Les masques primitifs himalayens recèlent un mystérieux paradoxe: profondément
différents les uns des autres de par leurs formes et matières déclinées à l'infini, ils n'en
demeurent pas moins (presque) toujours identifiables.
Une première approche explicative consiste à reconnaître une provenance himalayenne
par exclusion de toutes les autres. Toutefois, au vu de la diversité du patrimoine mondial,
cette démarche semble vouée à un destin tragique.
La seconde, l'identification d'un style himalayen, paraît donc plus viable, reste encore à
découvrir un lien dans cette multitude d'individualités.
Puisque le chaînon manquant ne réside ni dans la forme ni dans la matière, la partie peut
sembler perdue tant que l'on ne s'est pas penché sur une carte du relief himalayen, cette
figuration d'un agrégat de boîtes d'oeufs retournées!
Ces masques on tous été conçus dans les innombrables creux, les multiples vallées de
cette topographie montagnarde. Des vallées souvent inhospitalières et isolées les unes
des autres par de longues journées de marche.
Un semblant de point commun se dessine donc, il s'agit de l'isolement géographique et,
par conséquence, culturel dans lequel ces masques ont été sculptés, loin de tous canons
esthétiques et religieux. Une multitude de tubes à essai maintenus dans les mêmes
conditions depuis la nuit des temps et dans lesquels on a laissé les sentiments humains
évoluer et s'exprimer au travers de la sculpture.
(On notera que le peu de richesses matérielles dont disposent les populations locales leur
interdit de vaincre ce relief séparateur par un quelconque subterfuge technologique
(télévision, Internet...)).
Les masques primitifs himalayens, primitifs au plus haut point, se reconnaissent à leur
profonde humanité, presque archaïque, exprimée sans filtre d'aucune sorte.
Leur proximité avec leurs homologues en pierre datés du Néolithique et excavés en
l'actuelle Israël est frappante, comme si le temps s'était figé dans les vallées les plus
reculées des Himalayas.
Loin de l'intellect, ces objets sont générateurs d'émotions, ils frappent au coeur avant
même que la pensée n'ait pu monter sa garde.

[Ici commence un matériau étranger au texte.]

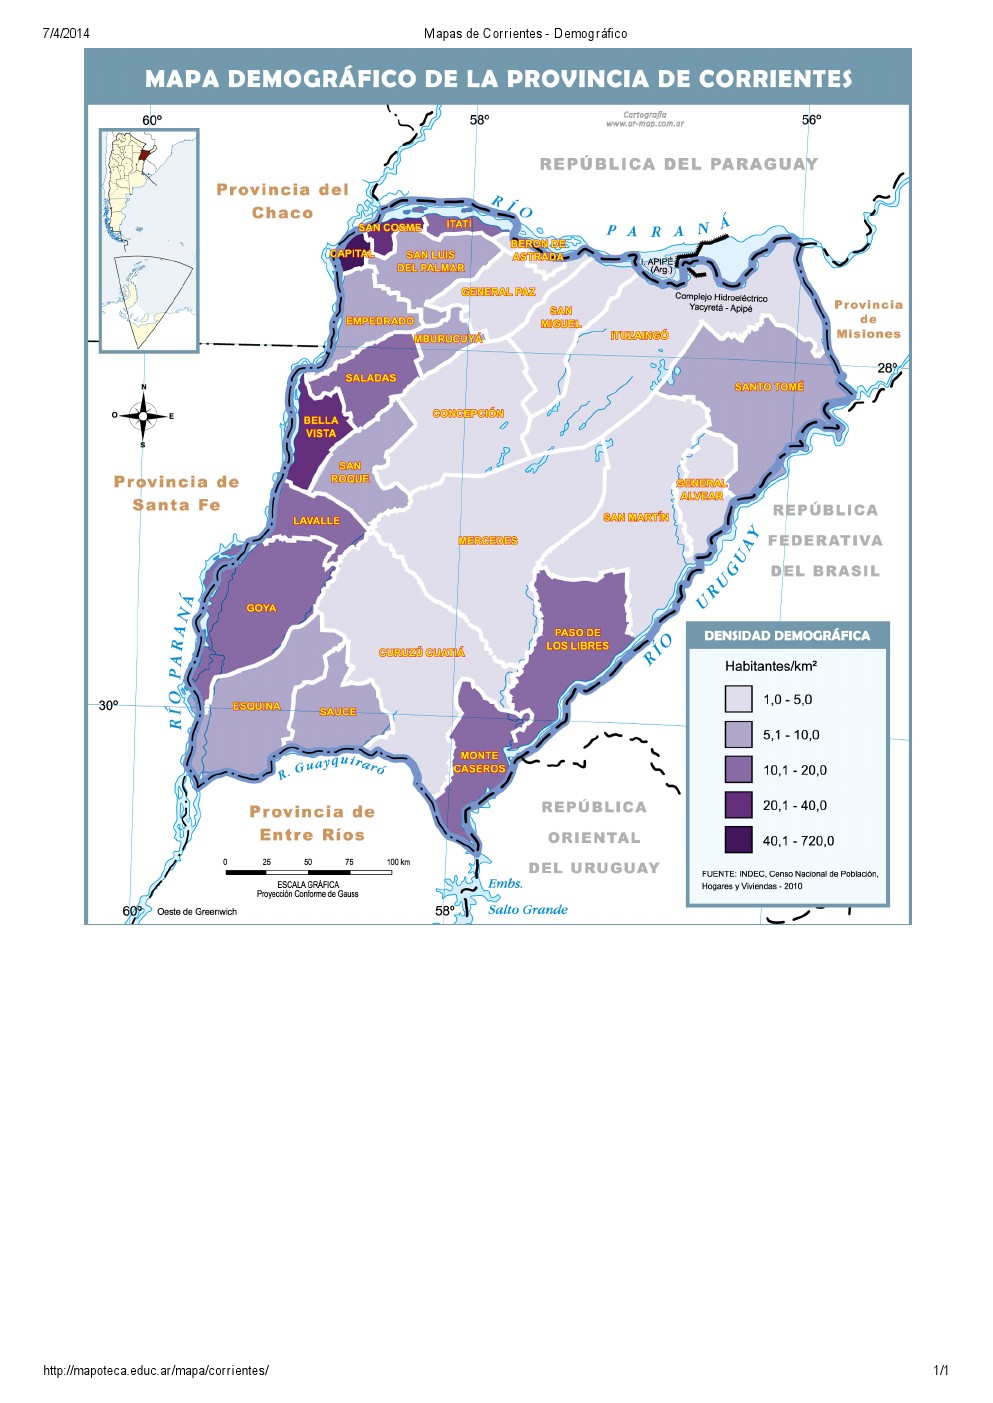 Mapa demográfico de Corrientes. Mapoteca de Educ.ar

Ils ont cela de commun avec certaines démarches artistiques contemporaines, qu'ils ne
sont pas liés à un contexte. Ils touchent à l'universel et peuvent donner toute leur mesure
où qu'ils soient exposés.
Parce qu'on en sait encore peu à leur sujet et parce qu'ils sont très peu stéréotypés,
contempler chacun de ces masques primitifs himalayens constitue une rencontre avec
l'inconnu, rencontre souvent bouleversante et menant au désir de faire plus ample
connaissance avec son vis-à-vis.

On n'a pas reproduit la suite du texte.